2022 murder in Nigeria

Bamise (Oluwabamise) Toyosi Ayanwole was a young Nigerian woman who was abducted after boarding a BRT in Lagos, Nigeria and found dead 9 days later.

==Background==
Bamise was 22 years old and the last child of her parents, Joseph and Comfort Ayanwole. She had nine older siblings. She worked as a fashion designer.

==Abduction==
On 26 February 2022, after leaving work at Ajah area of Lagos State, Bamise boarded a bus rapid transit system at Chevron, Lekki heading to Oshodi on the Lagos mainland around 7:30 pm with the intention of going to visit her elder brother's family to spend the weekend.
After boarding the bus, the driver flirted with her and told her to sit at the back. At the time, she was the only passenger in the bus and she observed that the interior was dark. She also noticed that at least two other male passengers entered the bus afterwards. The driver did not pick more passengers. There were no CCTV cameras in the bus.
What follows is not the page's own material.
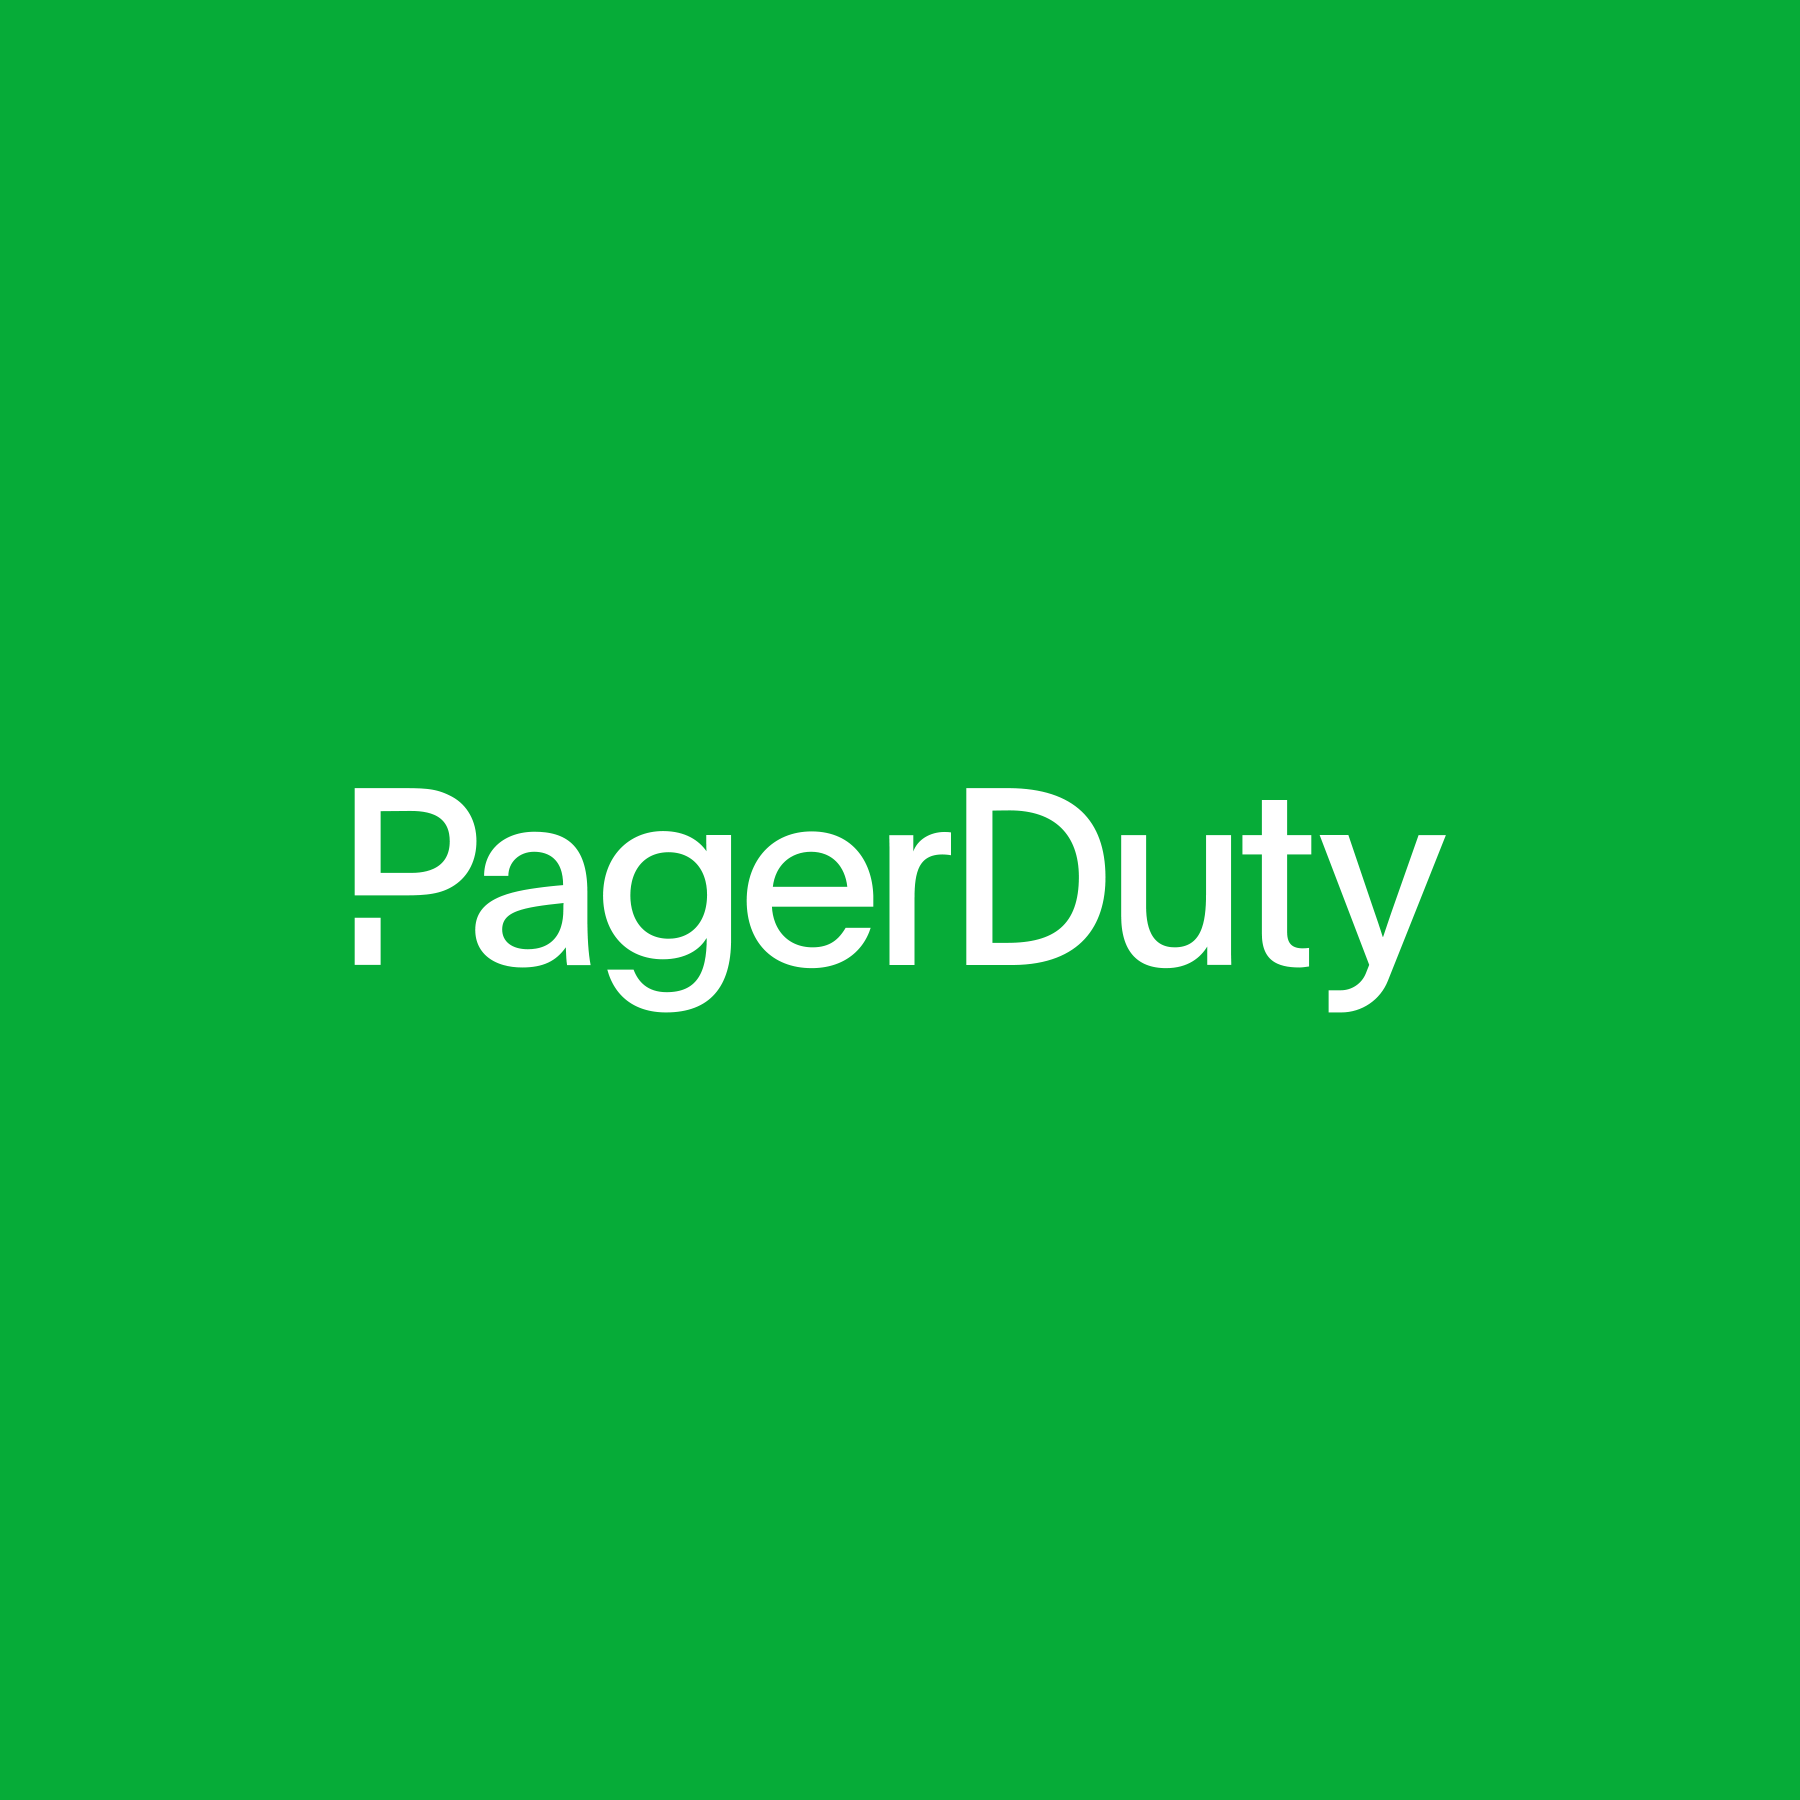 PagerDuty Shares Gain Post Solid 31% Top-Line Growth In Q3

She immediately sent voice notes to her friend via WhatsApp revealing her concerns. She also sent some video recordings of the bus interior with the bus plate number identifier to her friend who advised her to alight as soon as possible at the next bus stop.
Afterwards further attempts by her friends and relatives to contact her via phone calls were unsuccessful.
Prior to this, one of her last recorded conversations with her friend was ".....Please, pray for me." The following day, she was reported missing.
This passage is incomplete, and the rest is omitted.